Quoi qu’il en soit, le champagne, qui ne doit pas être servi trop froid, est rarement trop doux et, compte tenu des règles de vieillissement, encore plus exceptionnellement trop jeune. Lorsqu’il est accusé de causer des maux de tête, mis à part un excès caractérisé, c’est le plus souvent que son ingestion a été précédée, accompagnée ou suivie de celle d’aliments solides ou d’autres boissons, apéritifs, vins, liqueurs, eaux-de-vie, et qu’il en est résulté un mélange fâcheux pour l’organisme. Cela a été parfaitement exposé par Thomas Valker qui a écrit : Moins il est mélangé avec d’autres vins, mieux il s’accorde avec chacun, et les effets blâmables qui lui sont attribués sont souvent en réalité le résultat d’une combinaison excessive avec d’autres liquides. S’il était pris seul et en quantité convenable, je pense qu’il y a peu de constitutions auxquelles il ne serait pas bénéfique [6]. Aragon avait raison de dire : C’est méchant sur le Pernod, le champagne [7] ; mais ce n’est pas le champagne qui est coupable, pas plus d’ailleurs que le Pernod, mais la combinaison des deux, surtout s’il y a excès.
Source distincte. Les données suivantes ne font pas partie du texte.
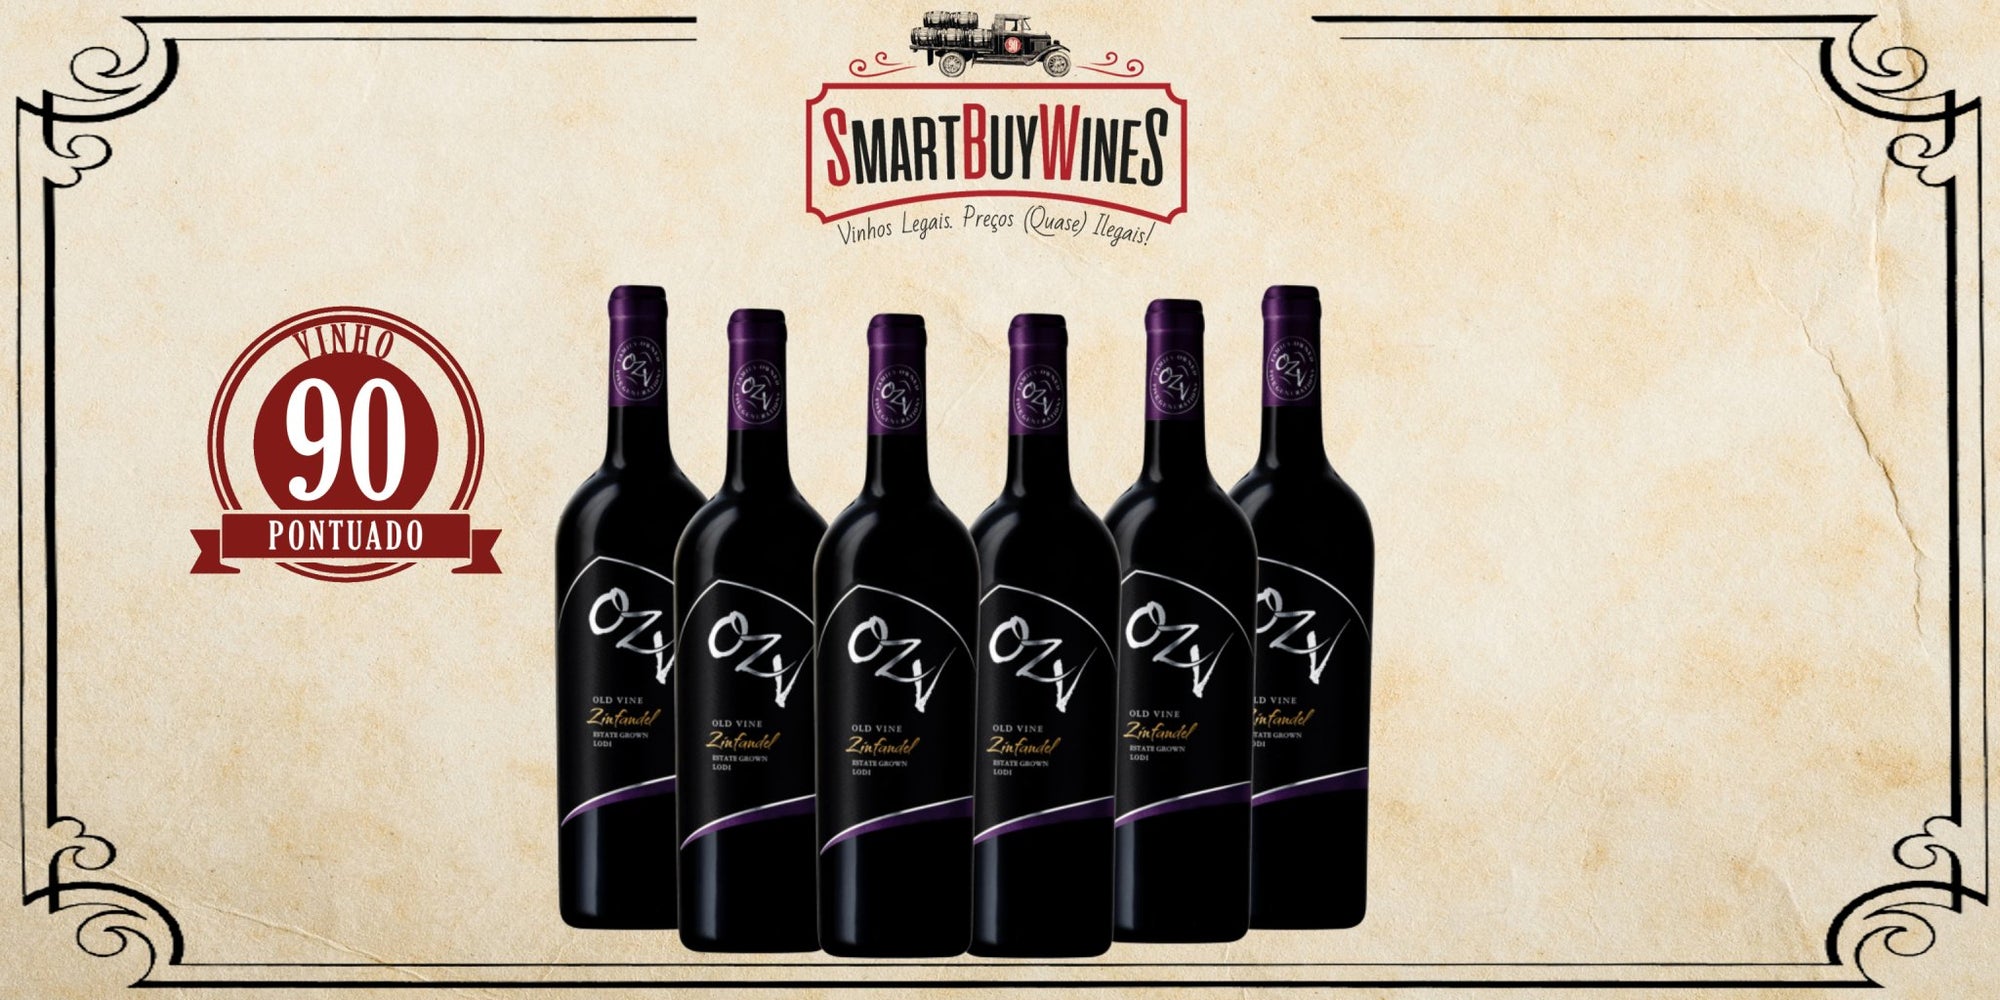 SMARTBOX 6 garrafas - OZV Old Vine Zinfandel, Lodi, California 2019 - SmartBuyWines.com.br

C’est ainsi, notamment, que certains cocktails au champagne peuvent être mal reçus, et même des cups où le champagne domine, si on y a ajouté trop de sucre.

Une anecdote contée par Saint-Simon fait état d’un mariage particulièrement nocif : vin de Champagne et... tabac. Il écrit à propos du chanoine J.B. de Santeul et du duc de Bourbon : Un soir que Monsieur le Duc soupait chez lui, il se divertit à pousser Santeul de vin de Champagne, et, de gaîté en gaîté, il trouva plaisant de verser sa tabatière pleine de tabac d’Espagne dans un grand verre de vin et de le faire boire à Santeul, pour voir ce qui en arriverait [8]. J.B. de Santeul en mourut en deux jours, mais d’après les notes du père Léonard Santeul, qui se trouvait à Dijon, serait mort en buvant... du vin de Bourgogne (A 11).

Notes

[1GRIMOD de la REYNIERE (Laurent). Almanach des gourmands. Paris, 1803-1812.

[2ABRANTÈS (Duchesse d’). Histoire de Paris. Paris, s.d.

[3GOULD (Heywood). Headaches and Health. New York, 1973. Le Mal de tête. Paris, 1974.

[4JULLIEN (André). Topographie de tous les vignobles connus. Paris, 1816, 1822, 1832, 1866 (5e édition, revue et corrigée et augmenlée par C.E. Jullien).

[5SIMON (André). The History of champagne. Londres, 1962.

[6WALKER (Thomas). The Original, publié par Henry Morley. Londres, 1887 (paru en 1835 sous forme de livraisons périodiques).

[7ARAGON. font-family:Les Beaux Quartiers.

[8SAINT-SIMON. Mémoires, ed. A. de Boisisle, Paris, 1879-1918.